In the minefield of interpretation of postmortem data the problem of redistribution and site dependence of drugs is becoming increasingly recognised. Levine and colleagues examined the postmortem site dependence of methadone.25 They examined heart blood in 15 cases, and an alternative sample in each case. In nine cases subclavian blood was examined. The ratio of subclavian to heart blood varied from 0.30 to 2.03. A similar variation was found in pericardial fluid (0.47 to 1.87) and inferior vena cava and femoral blood (0.81 to 4.13). Prouty and Anderson found less variation in an examination of five cases.26 In our study of 26 cases, there was a variation of over 100% between arm and leg samples in some cases. In the study of Levine et al no particular site emerged as the preferred choice. The data from our study, using peripheral blood from the arm and leg, do not indicate any preferred site either. However, we would support a general policy of collection of blood for toxicology from the femoral vein.27

There are several explanations for the variation in postmortem concentrations. Diffusion from the stomach is possible and this might affect concentrations in heart blood. Compounding this is the problem of release of methadone from the liver, which again might affect blood concentrations. Movement of methadone from other tissues to blood and vice versa all contribute to the problems of determining an accurate concentration of methadone in relation to the cause of death. The distribution of methadone might also depend on whether methadone has been injected. This is not always easy to determine, because injection of heroin might occur at the same time as methadone is ingested. In addition, methadone might be injected. Drawing blood back into the syringe before injecting another substance may cause traces of methadone in that syringe. Some evidence points to higher concentrations of methadone after injection compared with ingestion.13 Examination of stomach contents might provide evidence of the method of administration. In our series, 64% of cases had methadone detected in the stomach at a concentration of less than 10 mg/litre. Very few cases had none detected. In the other cases, methadone was present in the stomach contents at a concentration above 10 mg/litre. A high blood methadone concentration in the presence of trace amounts in the stomach and the presence of injection marks might support the contention that methadone was injected. A low concentration of methadone in the stomach contents might represent backwash of methadone containing bile into the stomach, and cannot be assumed to be the result of oral ingestion. If the issue is important, measurement of conjugated methadone in stomach contents could be performed, although this is not a routine test. Methadone in stomach content above 10 mg/litre is, in our opinion, evidence of oral ingestion.

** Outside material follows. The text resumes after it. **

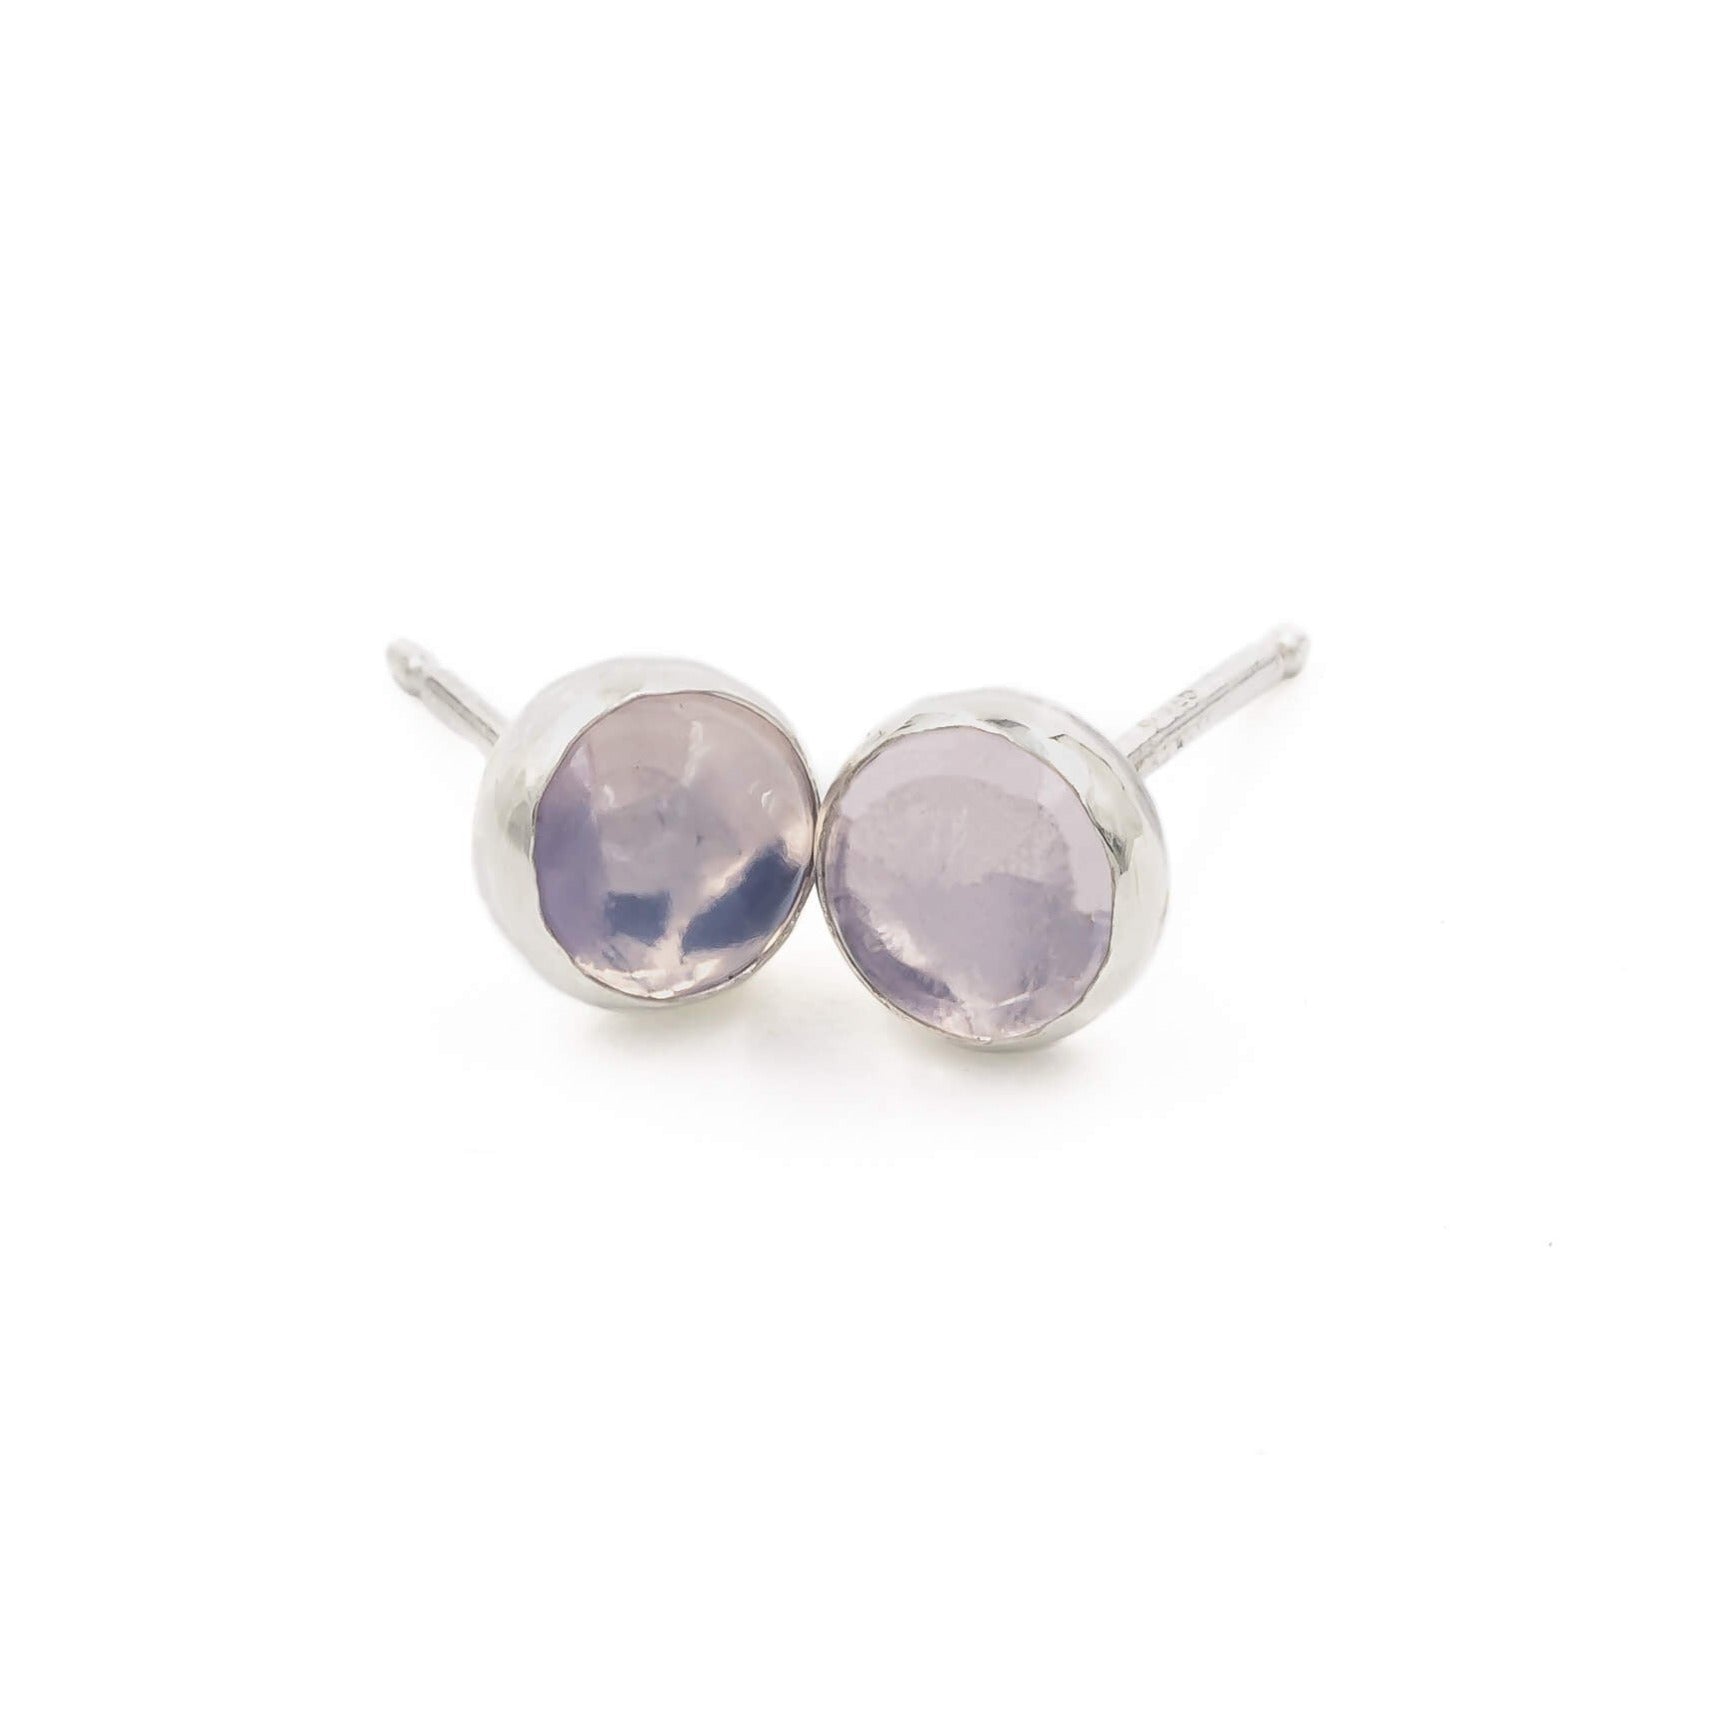 6mm lavender quartz stud earrings in sterling silver

Overall, in identifying a cause of death, the pathologist must interpret all data available, including microscopic and toxicological data, recognising the phenomenon of postmortem redistribution and site dependence. To a certain extent, postmortem toxicology must be recognised as a qualitative rather than a quantitative analysis. Our practice is to take peripheral blood as the most appropriate sample, along with urine and stomach contents. Other protocols include multiple peripheral blood and organ site sampling. However, apart from the question of expense, the evidence so far is that multiple site sampling does not assist in determining a poisonous versus therapeutic concentration, although such site sampling might be useful in certain cases.

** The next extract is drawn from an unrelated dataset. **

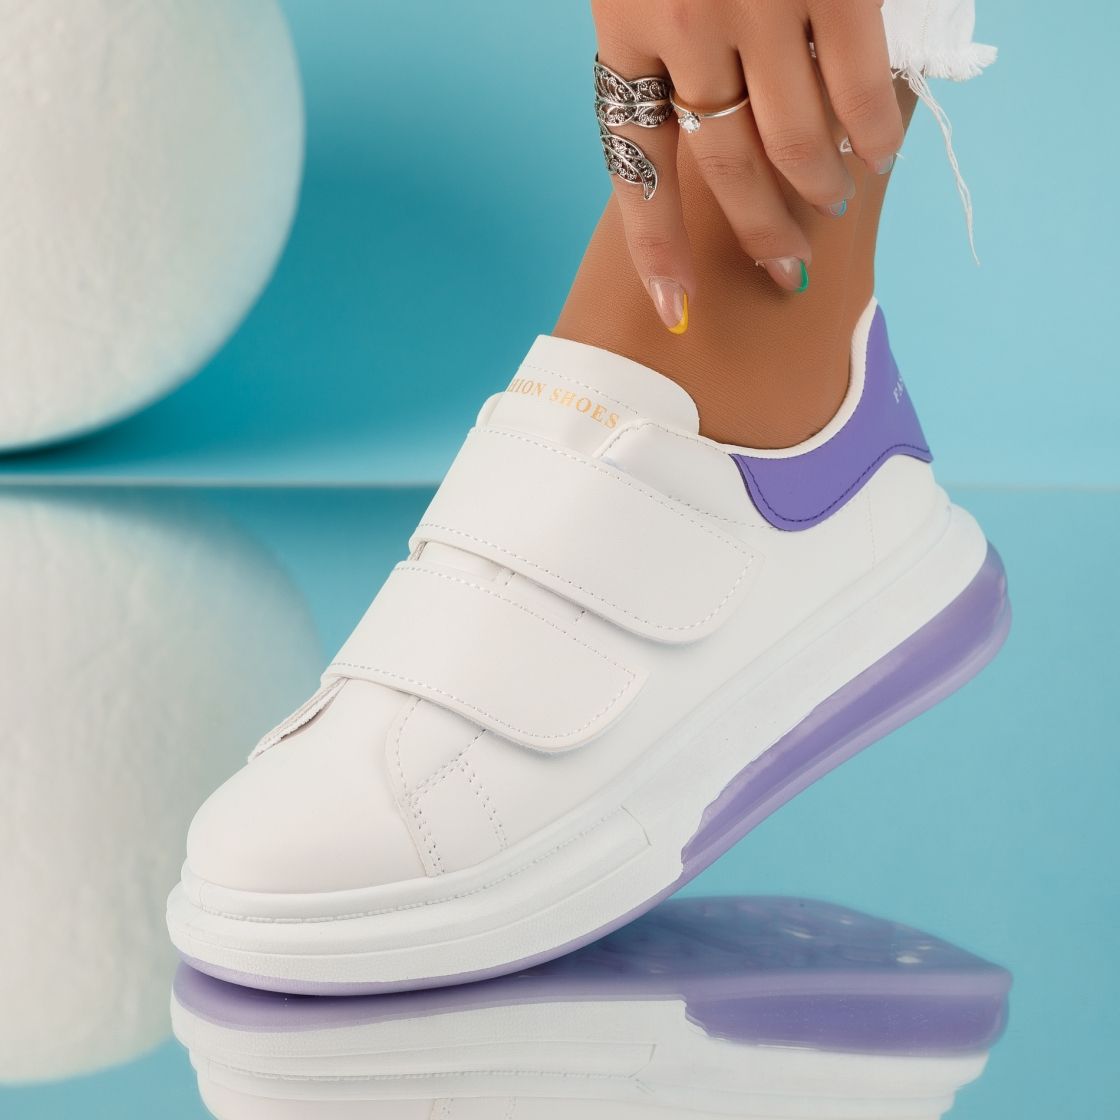 Дамски спортни обувки Adalynn бял/Mov #4963M

In conclusion, postmortem toxicological examination seems to confirm that there is an overlap between clinical therapeutic concentrations and those that cause death. There are problems with site dependence and postmortem redistribution. However, the pathologist has the advantage of examining the whole body, and can interpret the toxicological findings in context. We are satisfied that methadone poisening deaths are not overestimated.